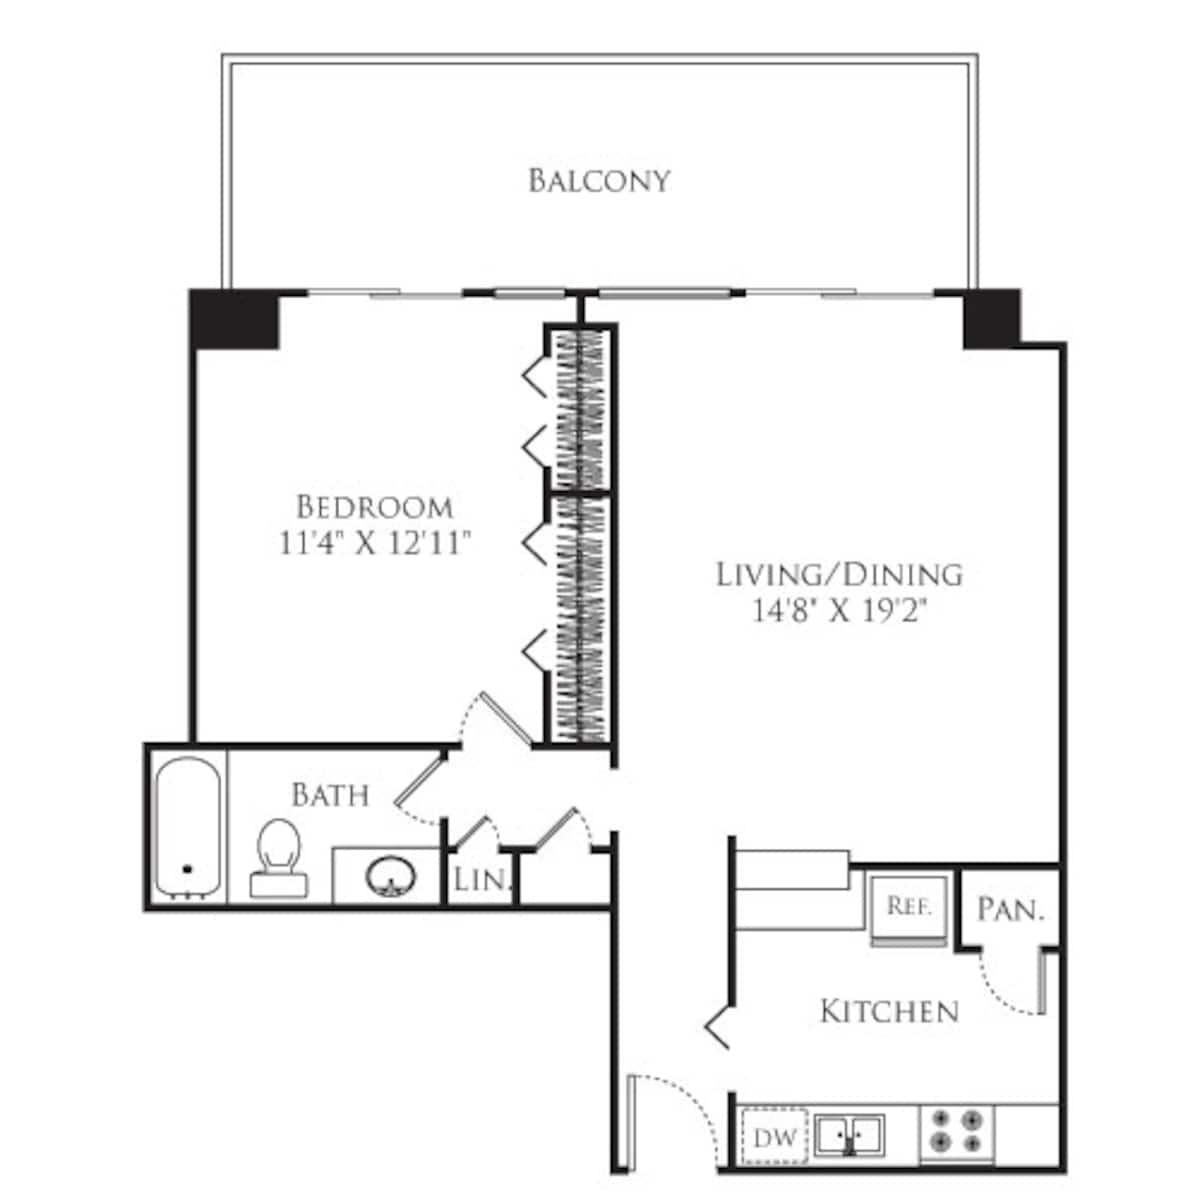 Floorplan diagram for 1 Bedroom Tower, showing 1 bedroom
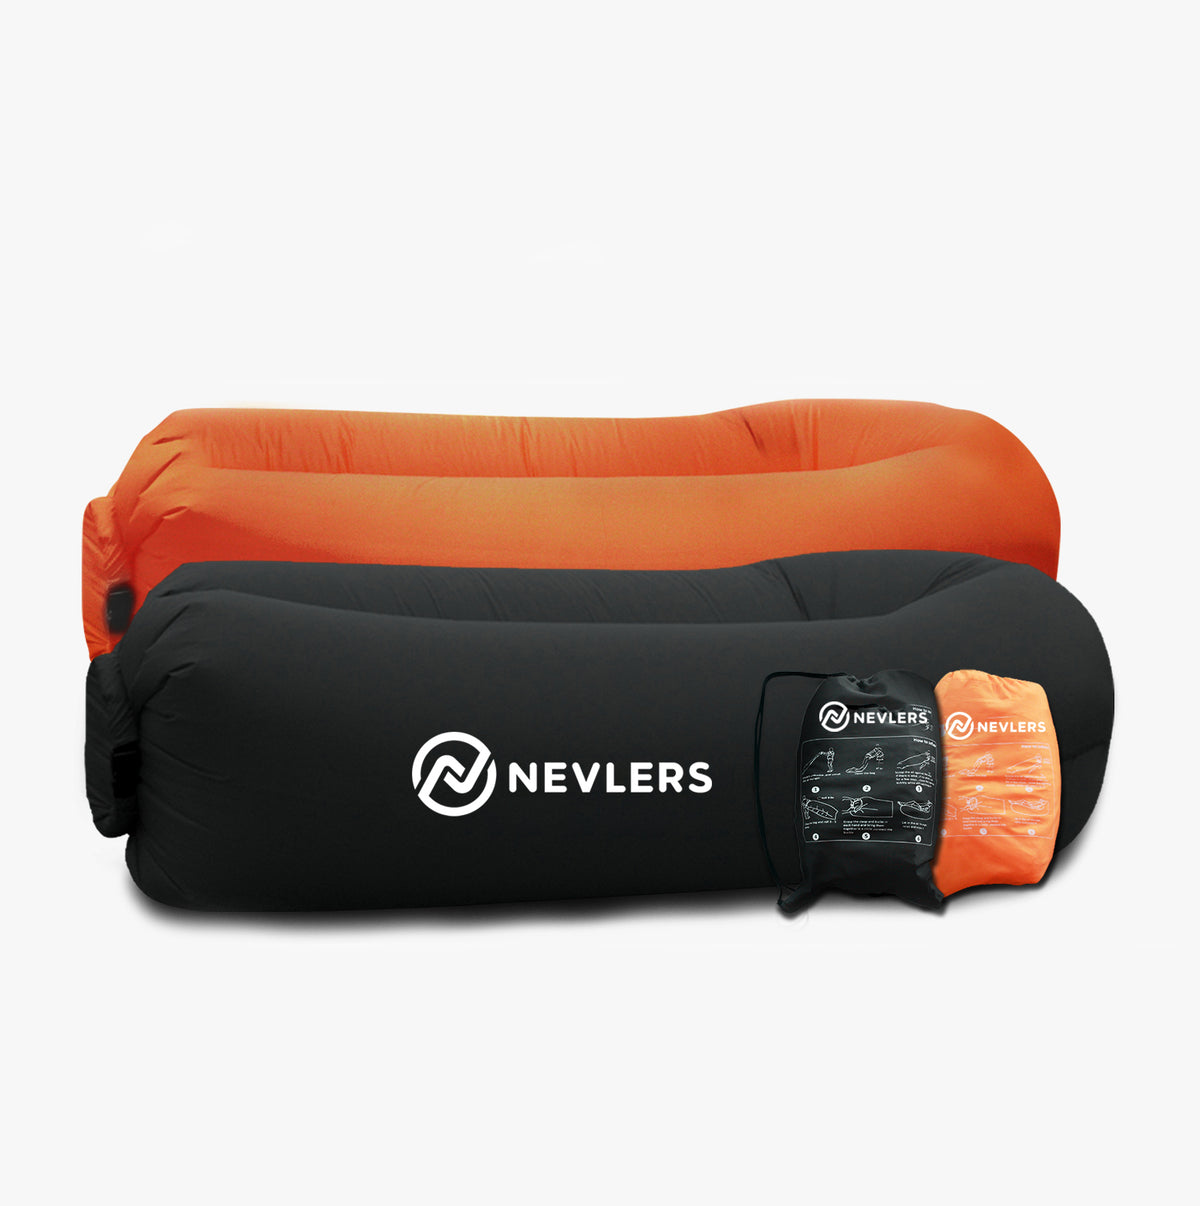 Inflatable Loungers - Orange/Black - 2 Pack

---

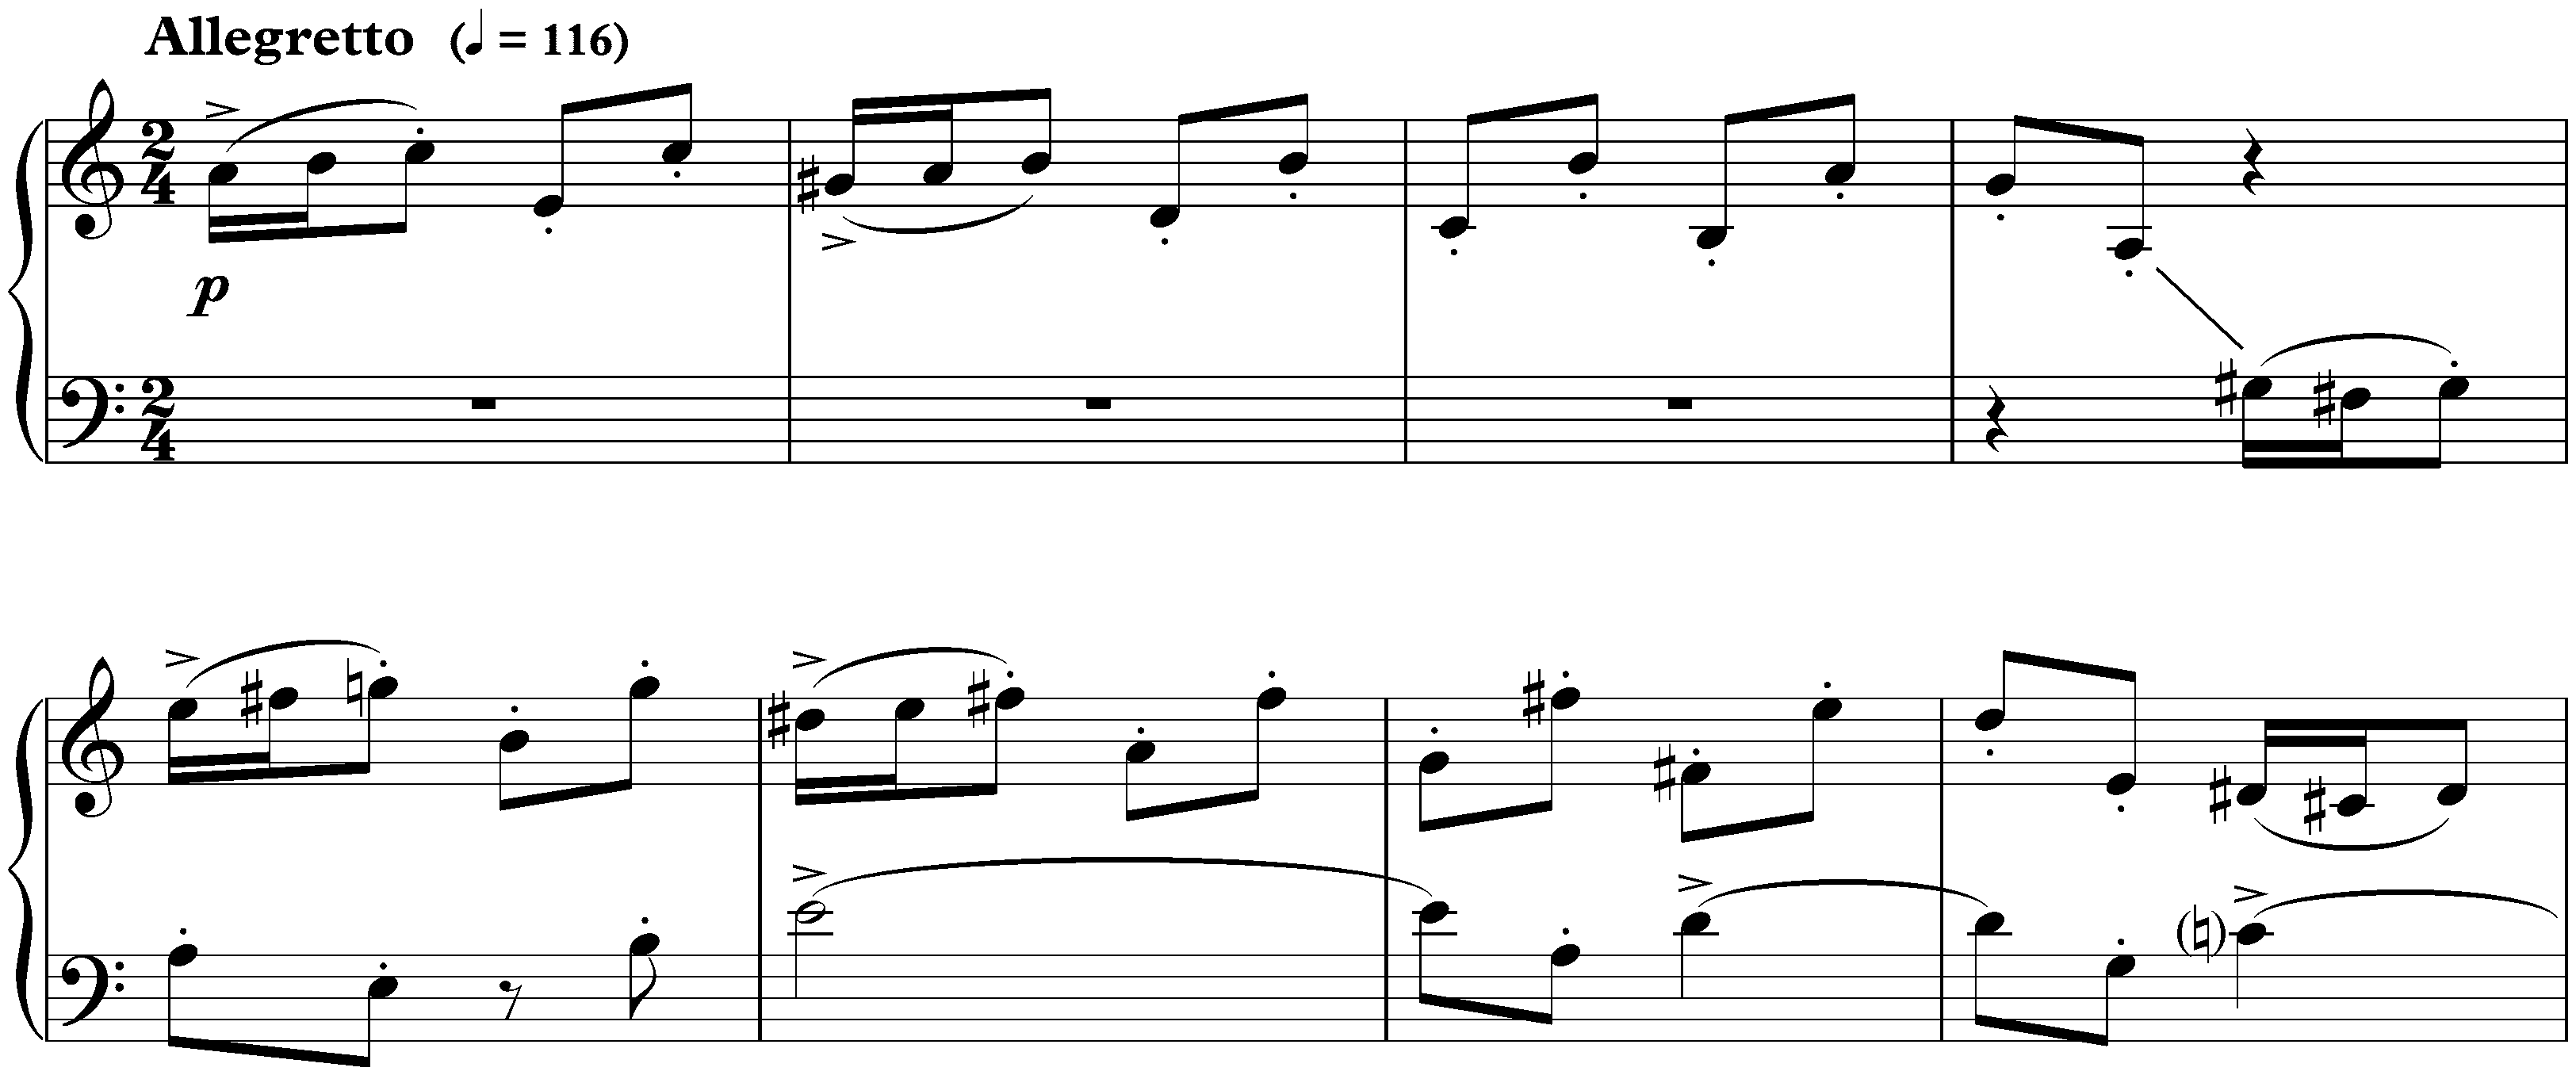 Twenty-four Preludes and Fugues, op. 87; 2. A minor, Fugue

==

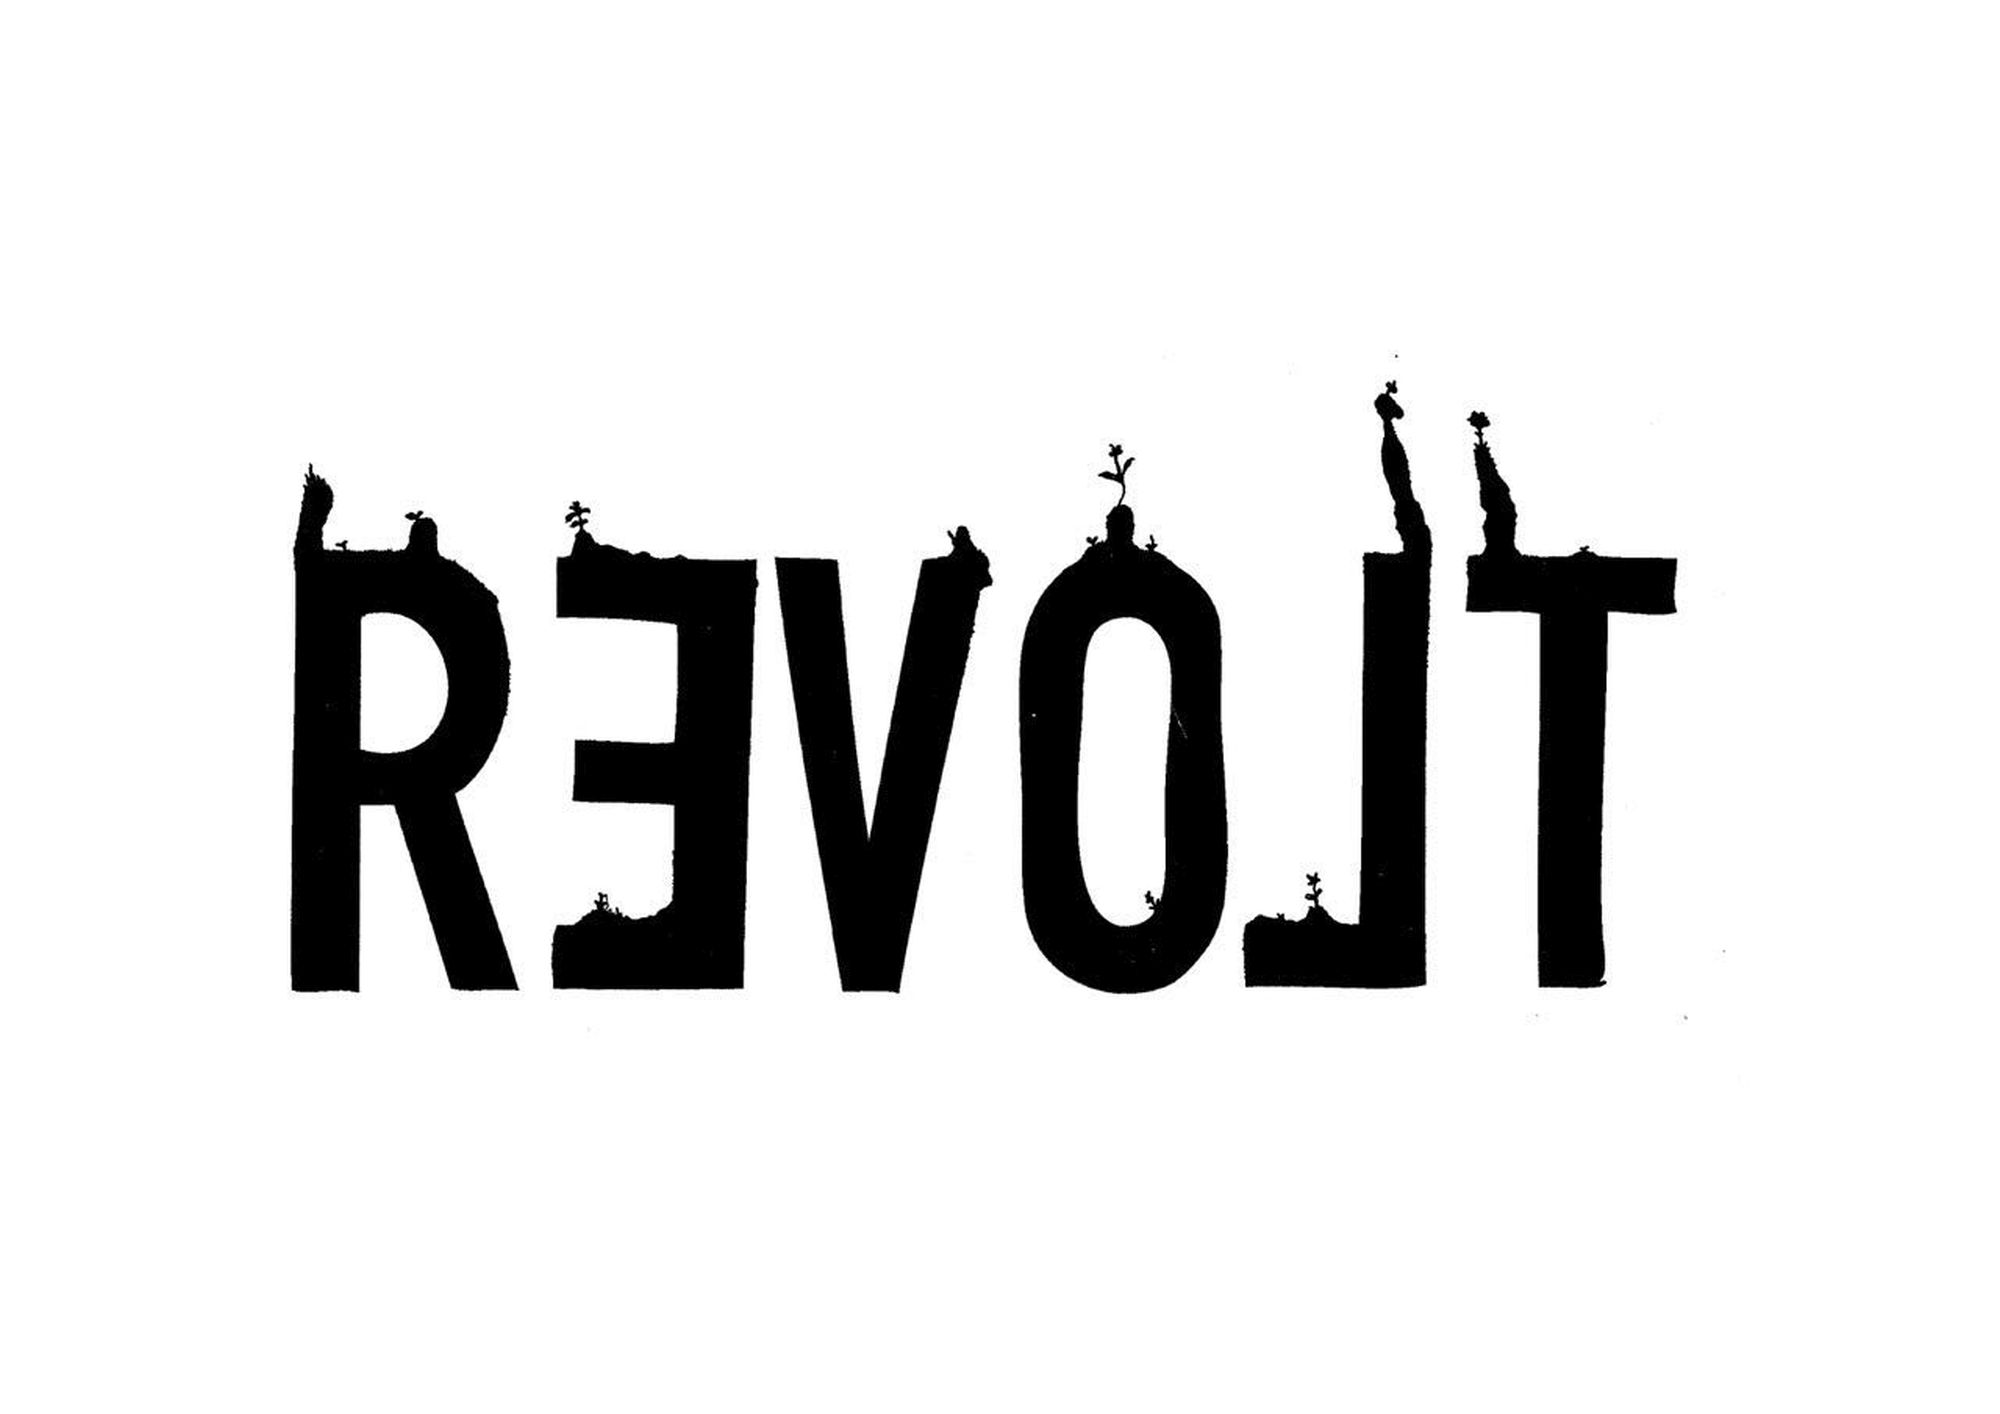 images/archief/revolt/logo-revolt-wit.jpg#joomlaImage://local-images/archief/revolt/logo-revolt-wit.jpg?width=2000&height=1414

Activity >> Set down exactly the lines above, from the line containing "Floorplan diagram for" through the line containing "Inflatable Loungers - Orange/Black - 2 Pack". Skip the pictures.

Reply to the exercise >>
 Floorplan diagram for 1 Bedroom Tower, showing 1 bedroom
 Inflatable Loungers - Orange/Black - 2 Pack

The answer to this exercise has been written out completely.